**Directions:** Would you transcribe only the lines below, from the one containing "Zavatta douchet circus" through the end of the material, exactly and with no pictures?

**The data:**
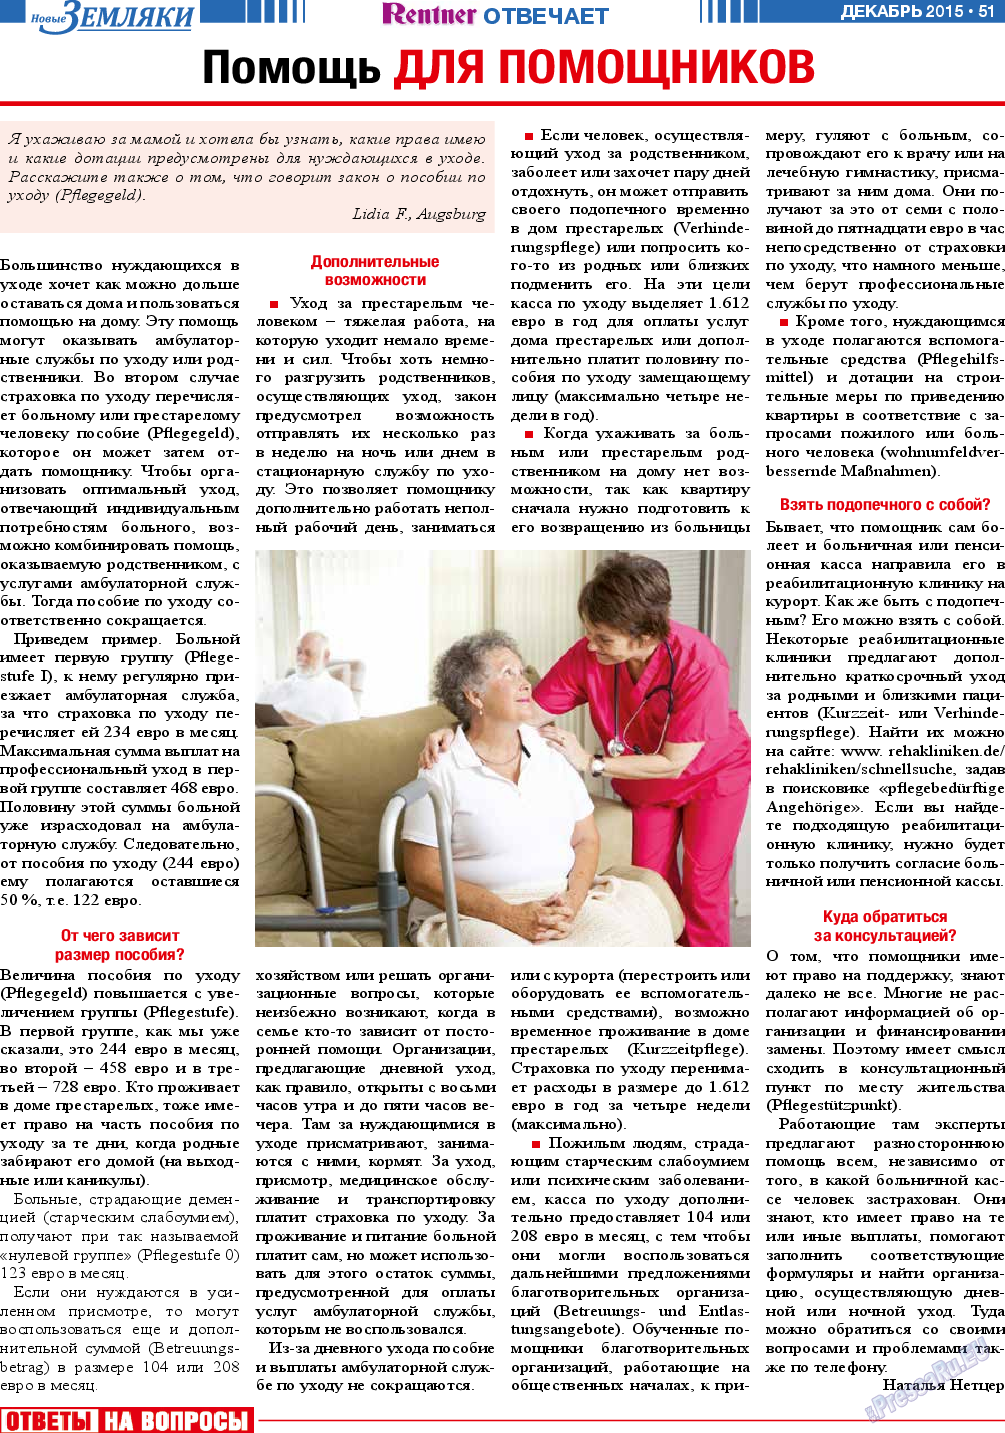 Новые Земляки, газета. 2015 №12 стр.51
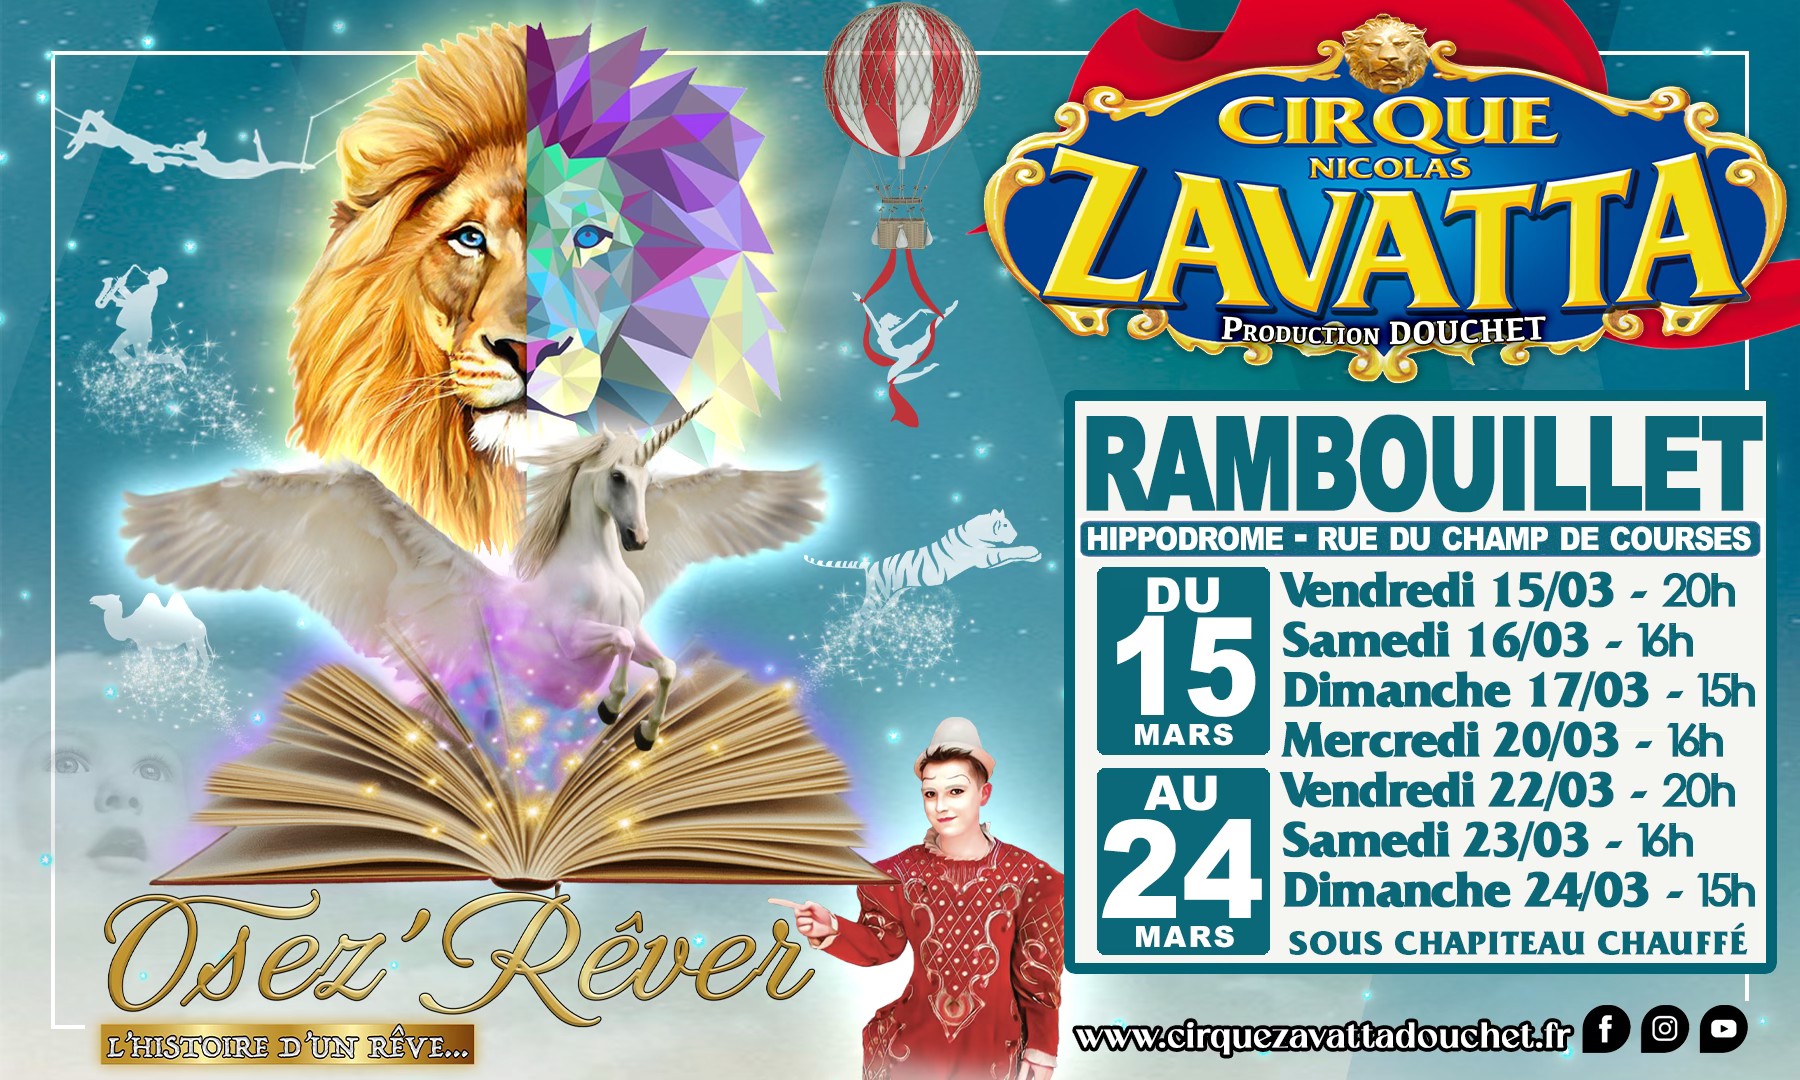 Zavatta douchet circus - Fremdenverkehrsamt Rambouillet
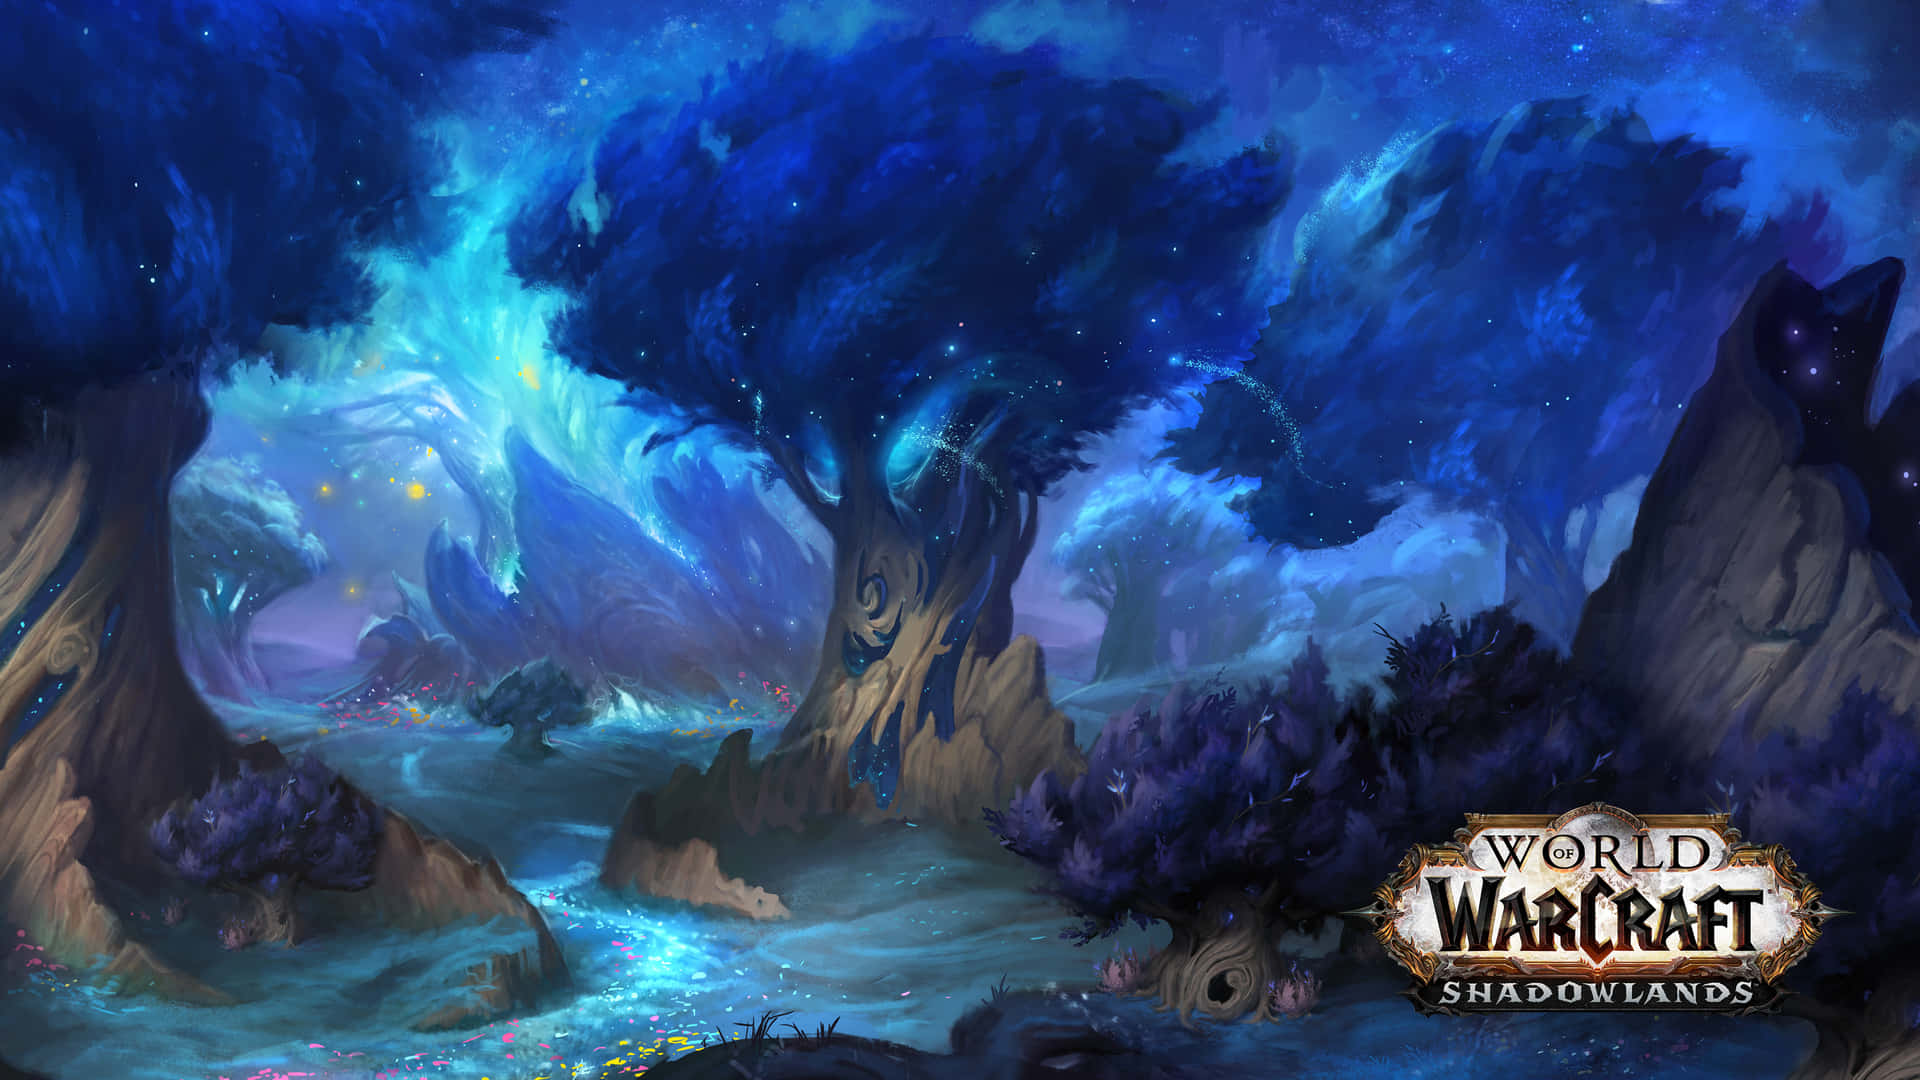 Papelde Parede De World Of Warcraft. Papel de Parede

**Written response:**
 Zavatta douchet circus - Fremdenverkehrsamt Rambouillet
 Papelde Parede De World Of Warcraft. Papel de Parede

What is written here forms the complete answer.